Data Ownership In AI’s Age

You swim in data. You create new data every day. If your health app counts your steps? It’s new data. Oura ring that tracks your biometrics? Valuable data. Your posts on social media, even the stupid jokes that got zero likes? More data.

These are all data that AI companies would love to harvest. You cannot build good AI without good data, which is why many consider data as the “new oil” during the AI. The problem, though, is that even if your data is valuable In theoryThe reality is that it is difficult to make money from your own personal data as you have no leverage as an individual. (Open AI is not knocking on your door to buy your old tweets.)

Go into Vana. “I think data is this basic resource that drives the next generation of AI, and really the next generation of our digital economy,” says Anna Kazlauskas, co -founder of Vana and CEO of Open Data Labs. “Many people are honestly not aware that they actually own their data.”

But you own your data. And it is valuable … if you can somehow go with millions of others who also own their data. This would give you negotiating power. And that is VANA’s mission: to create an ecosystem for user -owned data, which in turn burns the user -owned AI.

This ecosystem involves a mix of Data Daos (a “Workers’ Union” for data), decentralized data market sites, the recently launched VRC-20 token and a new collaboration with Flower Labs to build the world’s first user-owned basic model. (Exhibition A, who decentralized AI, crawls into mainstream: Vana/Flower collaboration was covered by the cable.)

Kazlauskas will give a keynote speaker at the AI summit in Consensus 2025, outlining this vision and she gives a glimpse here.
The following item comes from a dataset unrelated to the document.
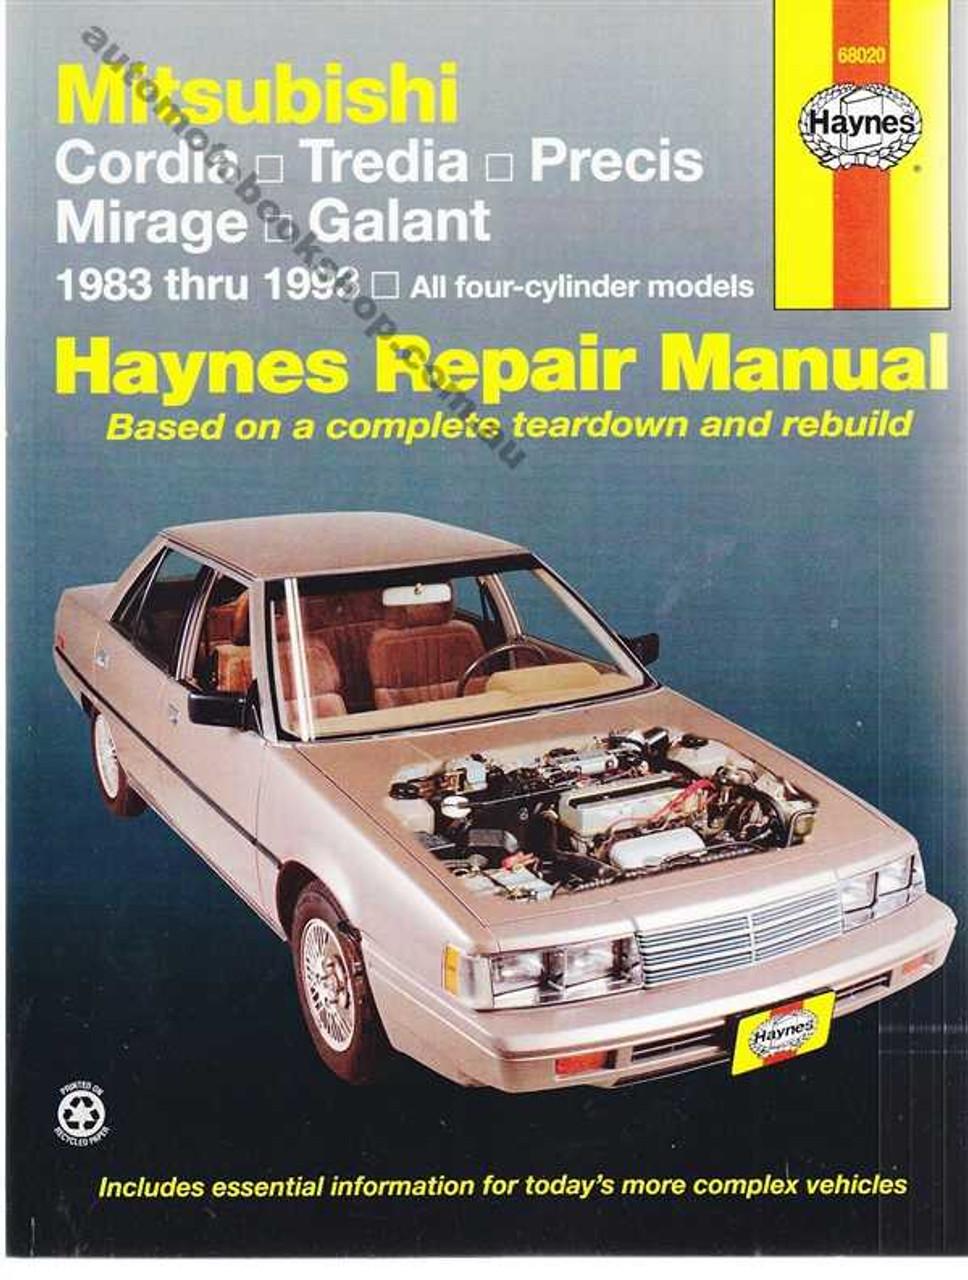 Mitsubishi Cordia Tredia Precis Mirage Galant 1983 1993

And she sees the momentum change. “We are already starting to see this shift where more people are aware that ‘my data is really important to AI’ and ‘I am actually the owner of it.'” She predicts that over 100 million users about 100 million users will be on board. In 10 years? “The world’s population. Over 10 billion.”
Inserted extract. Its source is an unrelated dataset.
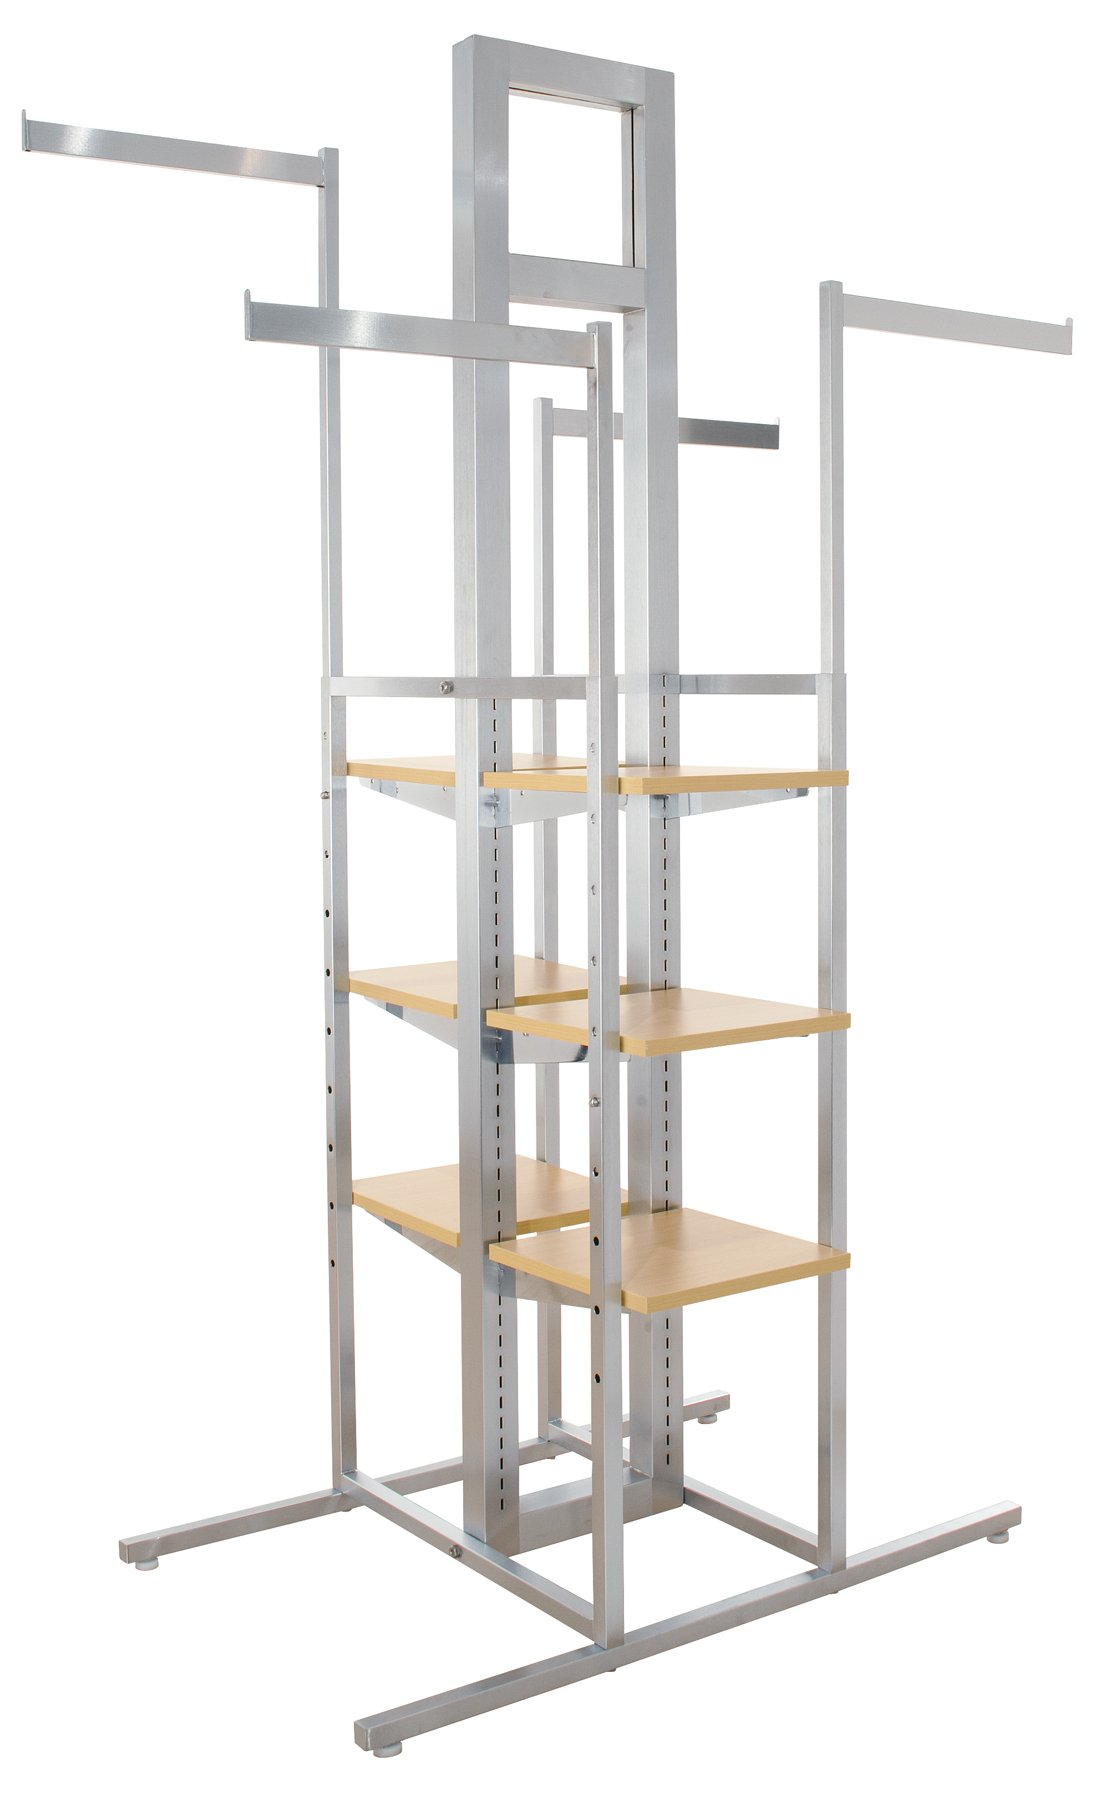 Econoco Cross Merchandising 4-Way Rack, 44'' Length x 24'' Width x 72'' Height by Econoco (Image #1)

Interview has been condensed and easily edited for clarity.

Why is user -owned data so important to you?

Anna Kazlauskas: Most people assume that data is owned by the platforms on which they sit, but that is not the case. Just as when you put your car in a parking lot, the parking lot doesn’t own your car. You can always take it back. You have full ownership of it.

And there is a huge amount of money earned today, mostly by large tech companies, out of this data, but users are the legal owners. So I think it’s important that we restore that ownership, both from a user perspective and from a developer’s perspective.

Can you connect the dots for how this helps developers?

As a developer, especially in an AI world, it is really important to have access to the right data. And it’s super hard to do right now because most of the data are locked inside the fenced gardens in Big Tech. So many of my really smart friends doing things in AI are working on the big laboratories, because that’s where the data is and that’s where the calculation is. But that doesn’t have to be the case.

How does Data Daos exactly fit into this vision?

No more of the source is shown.